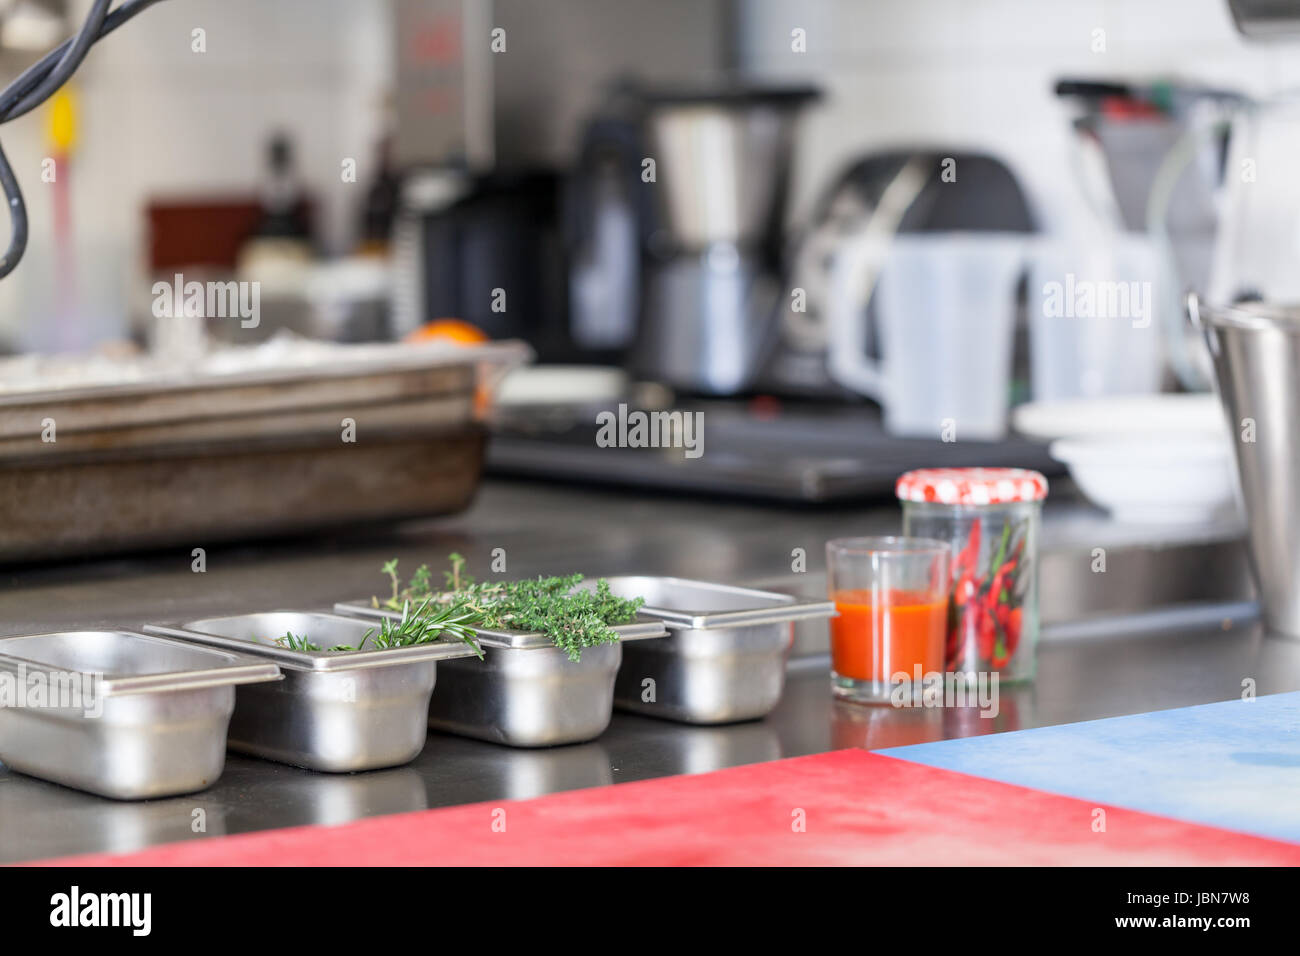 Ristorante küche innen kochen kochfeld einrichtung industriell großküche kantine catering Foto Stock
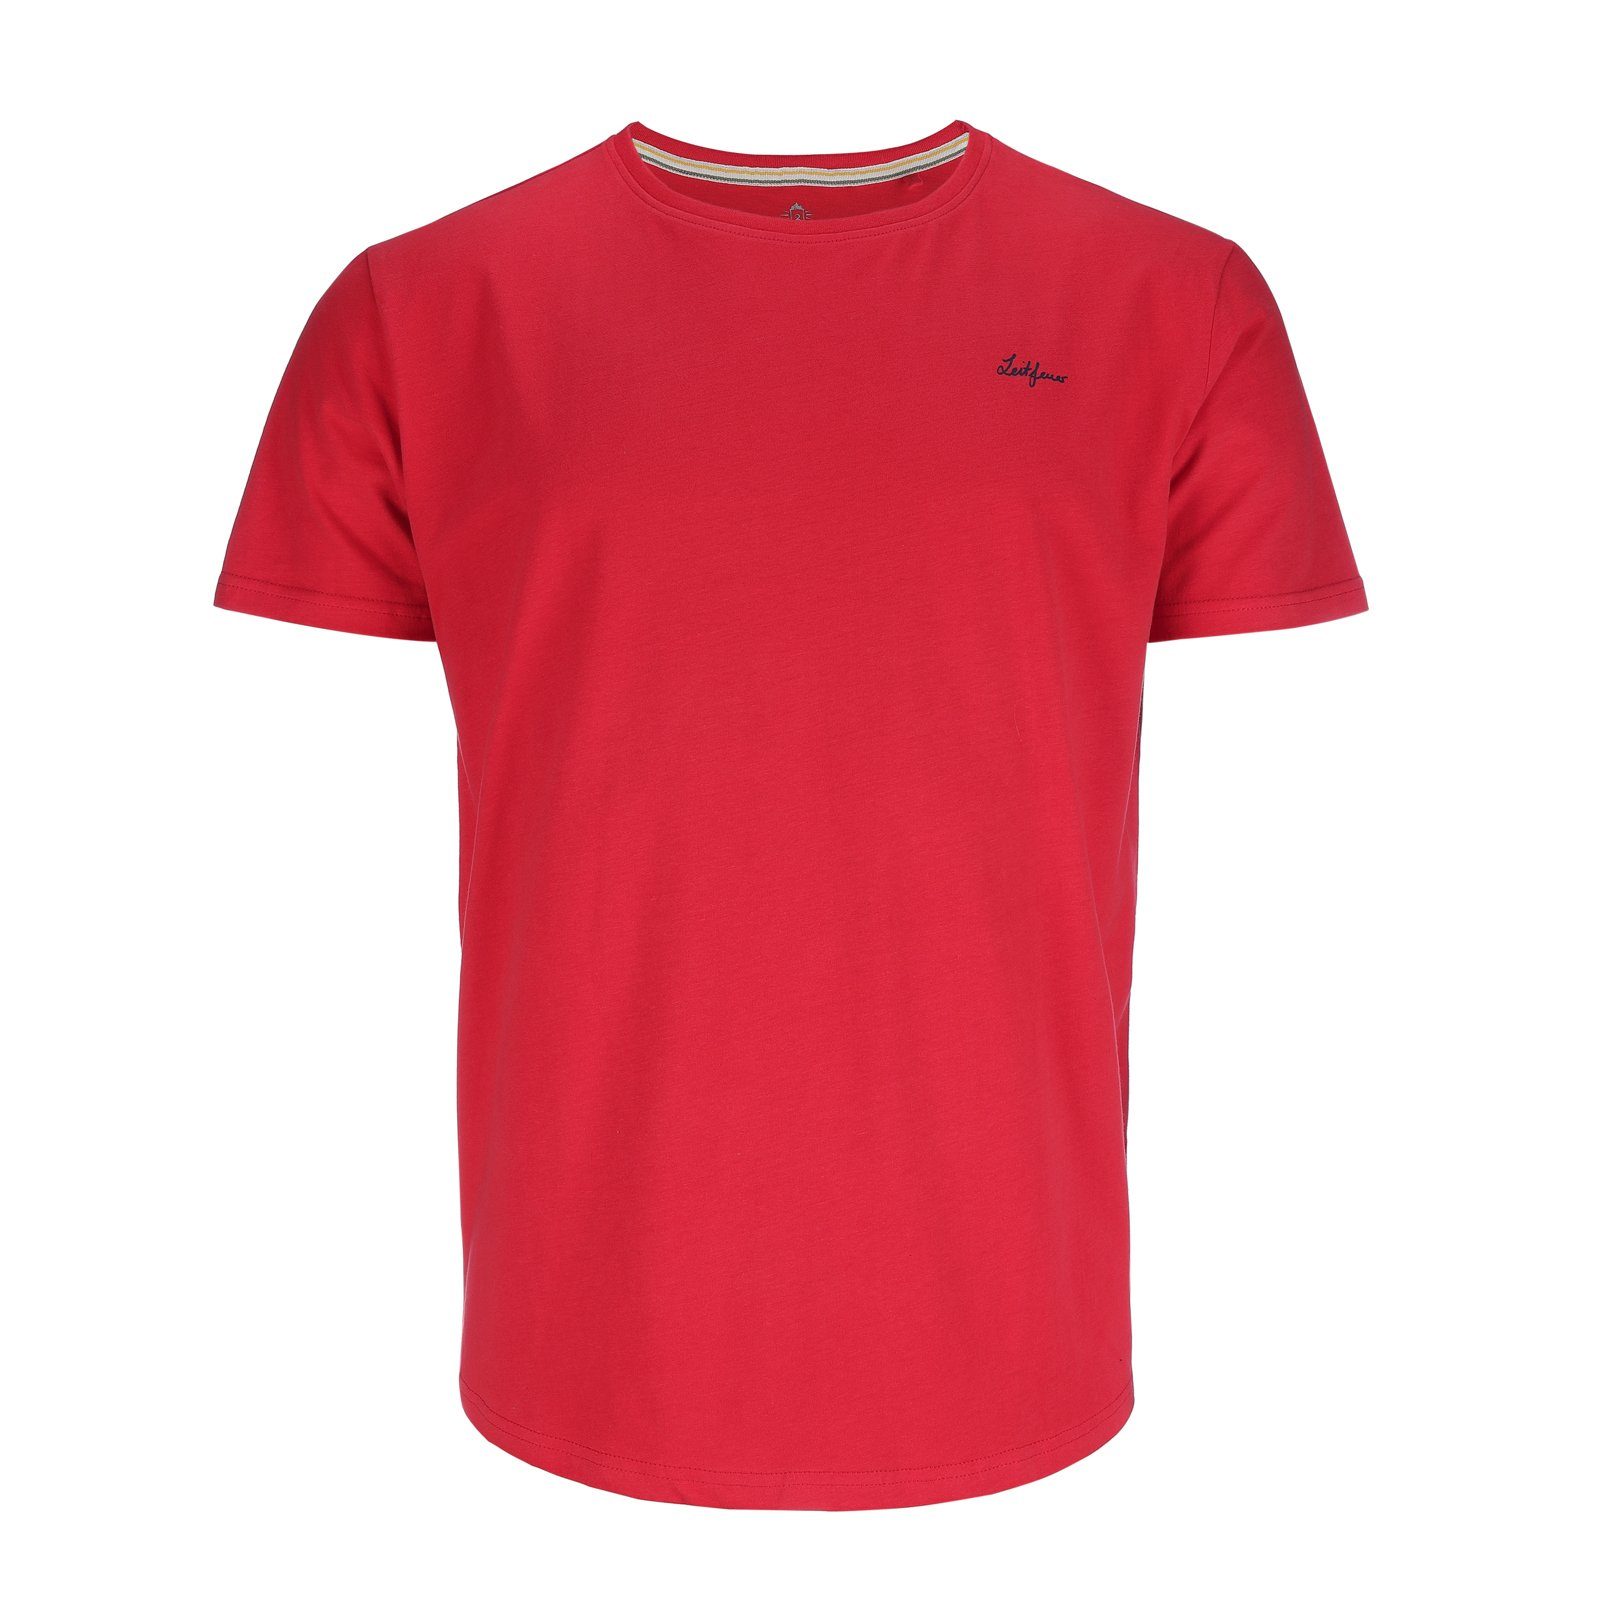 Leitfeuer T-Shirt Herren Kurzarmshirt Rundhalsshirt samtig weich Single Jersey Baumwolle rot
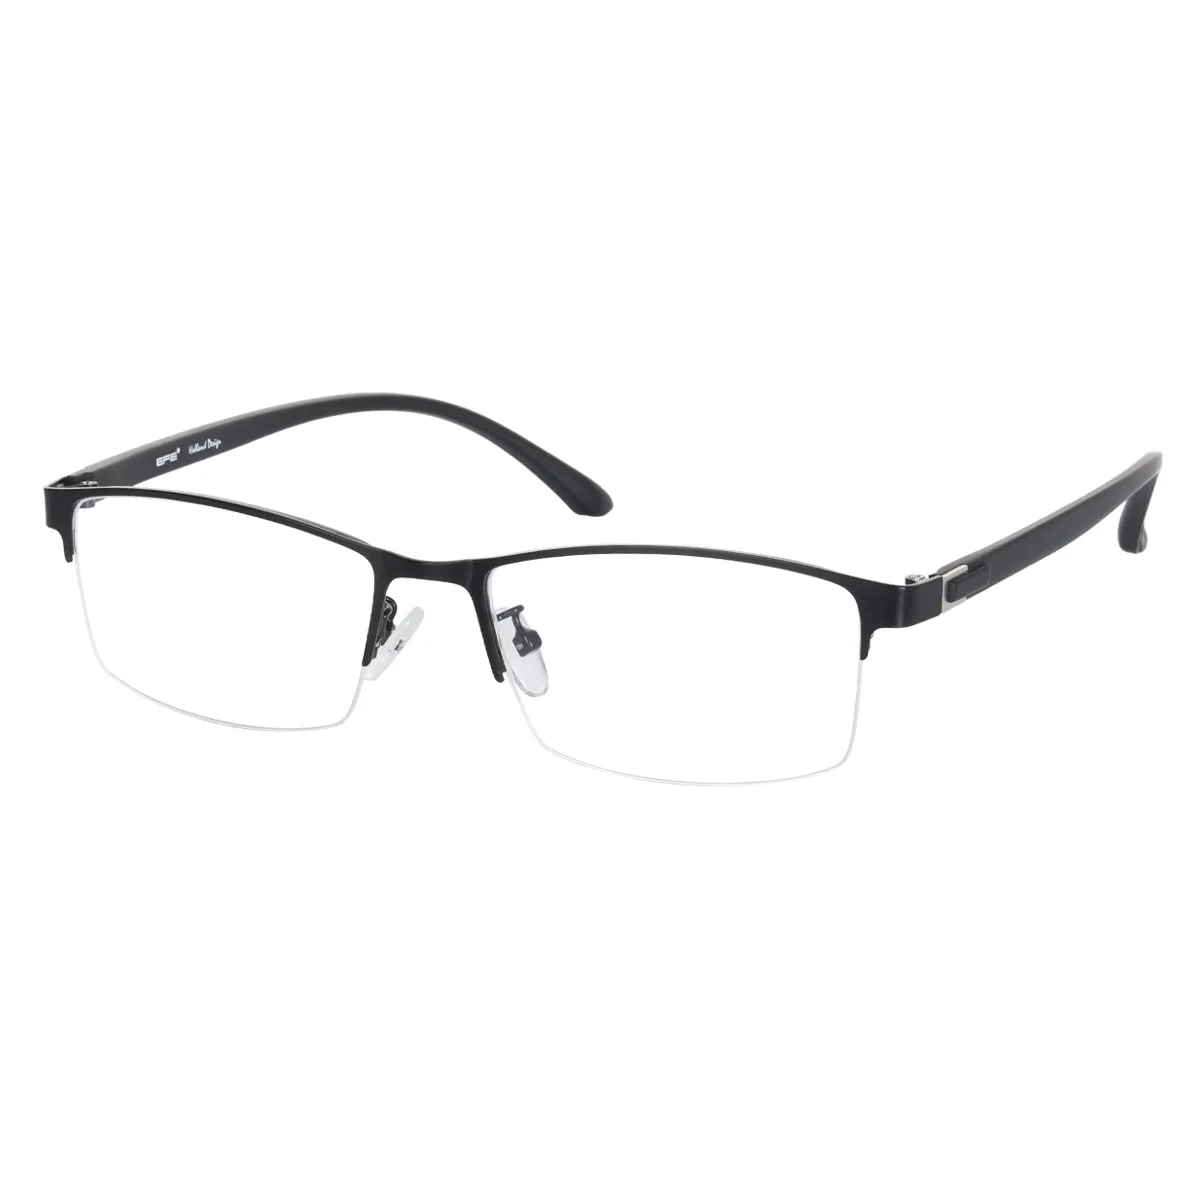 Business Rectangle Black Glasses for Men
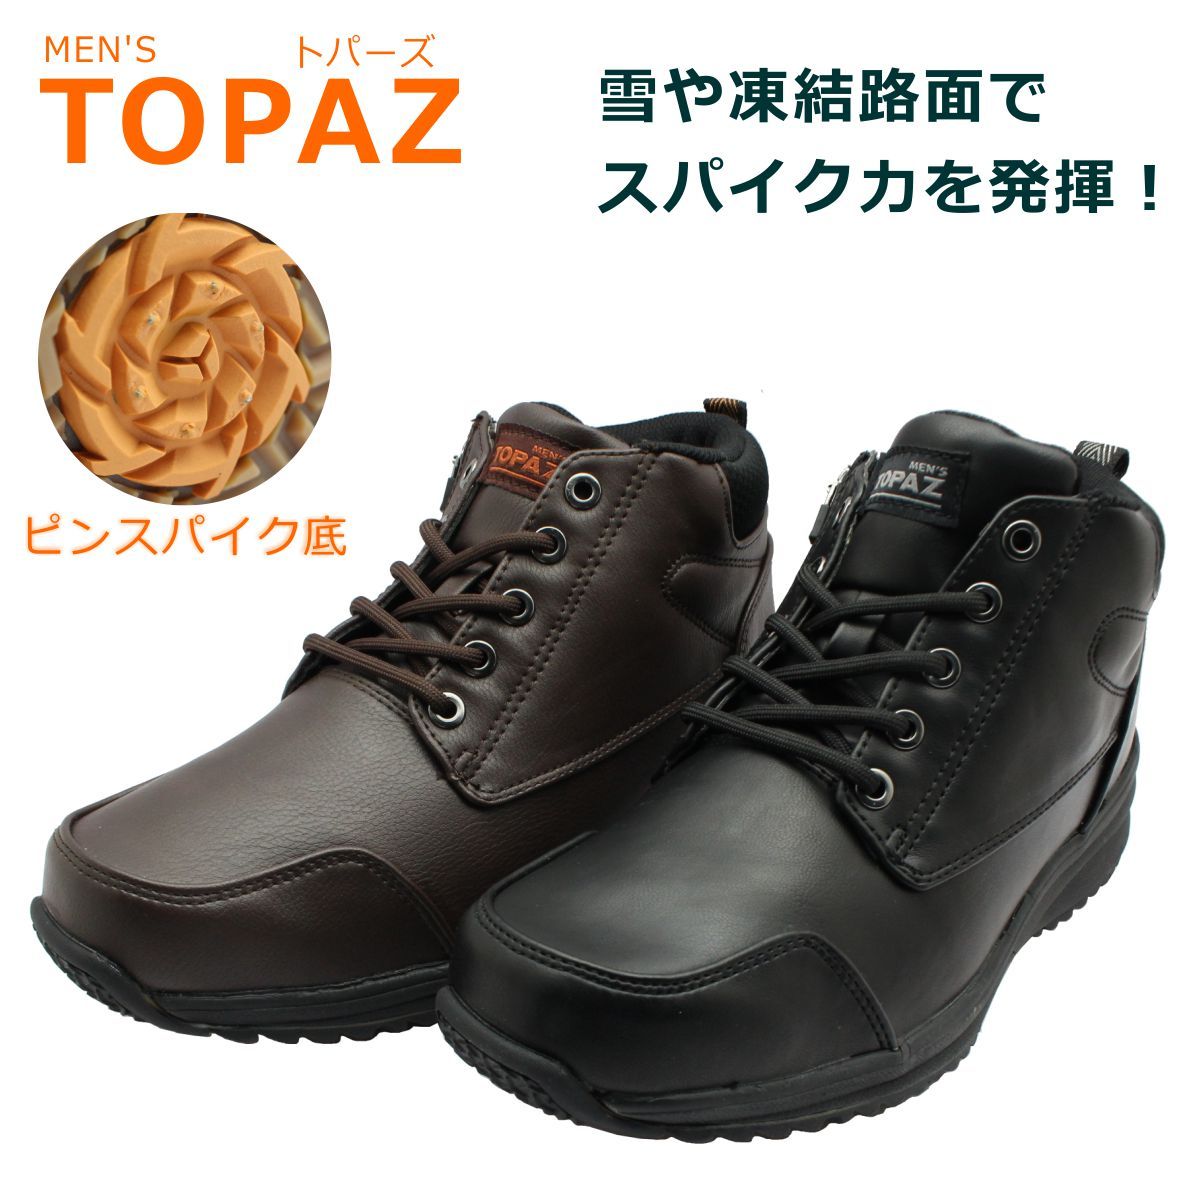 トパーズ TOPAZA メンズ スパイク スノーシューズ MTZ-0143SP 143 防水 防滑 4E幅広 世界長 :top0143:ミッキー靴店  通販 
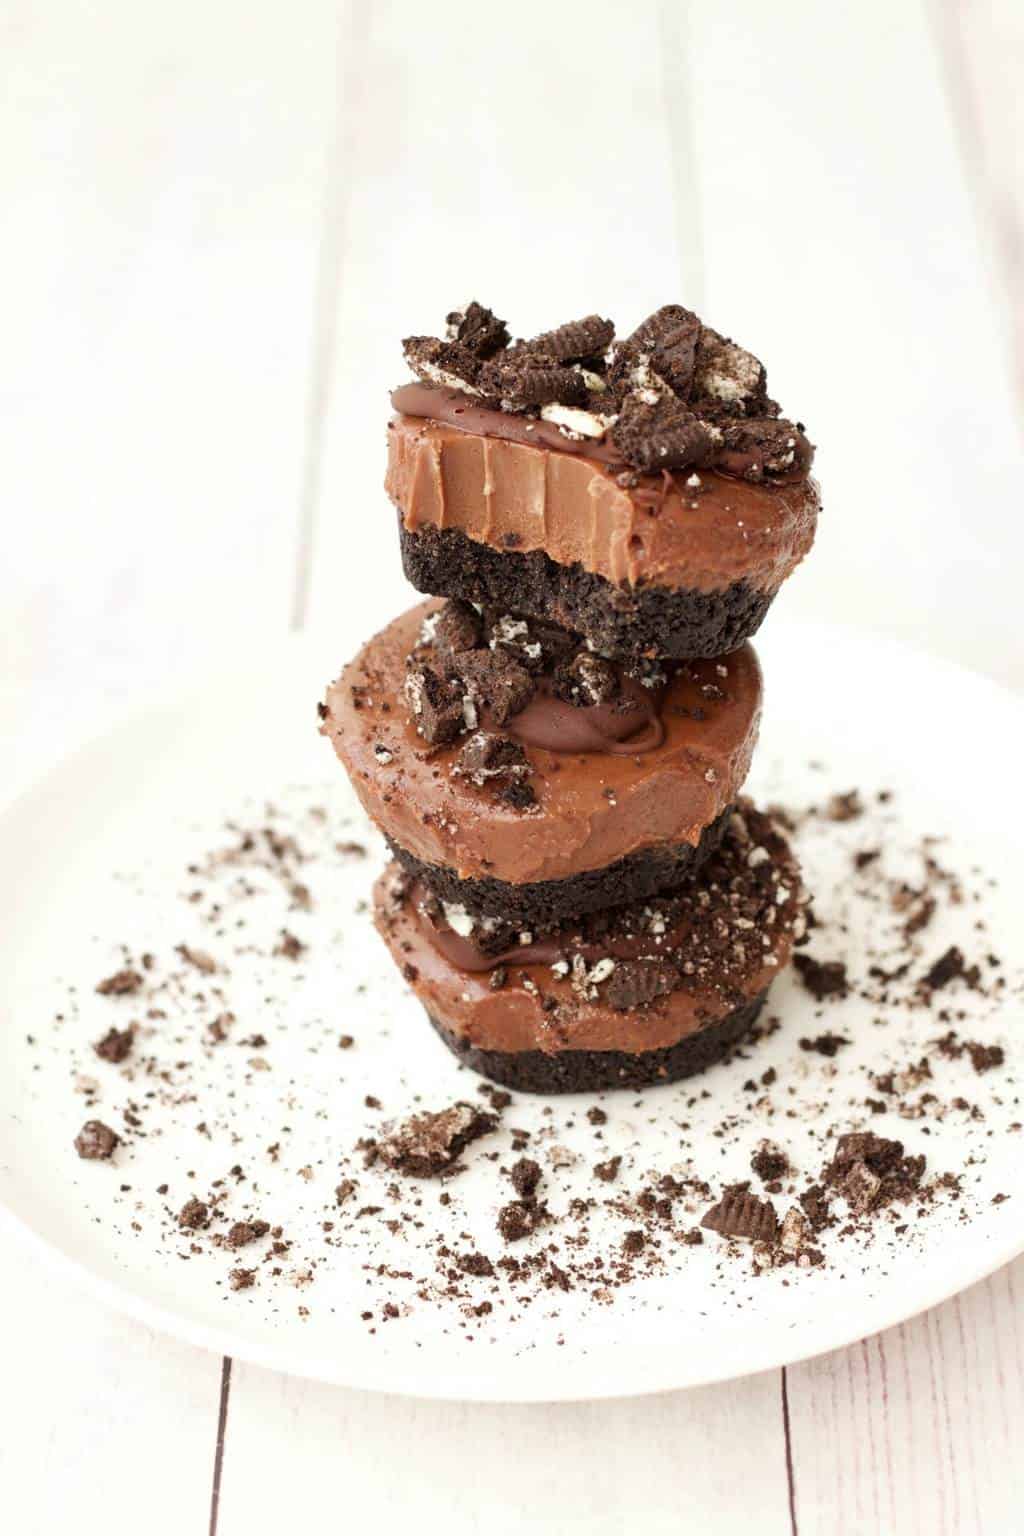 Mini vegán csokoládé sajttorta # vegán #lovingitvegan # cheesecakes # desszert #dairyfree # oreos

■ ■ ■ ■ ■

Exercise instructions:
The answer is the full set of records printed exactly, less the pictures.

Task solution:
 Ristorante küche innen kochen kochfeld einrichtung industriell großküche kantine catering Foto Stock
 Leitfeuer T-Shirt Herren Kurzarmshirt Rundhalsshirt samtig weich Single Jersey Baumwolle rot
 Business Rectangle Black Glasses for Men
 トパーズ TOPAZA メンズ スパイク スノーシューズ MTZ-0143SP 143 防水 防滑 4E幅広 世界長 :top0143:ミッキー靴店  通販 
 Mini vegán csokoládé sajttorta # vegán #lovingitvegan # cheesecakes # desszert #dairyfree # oreos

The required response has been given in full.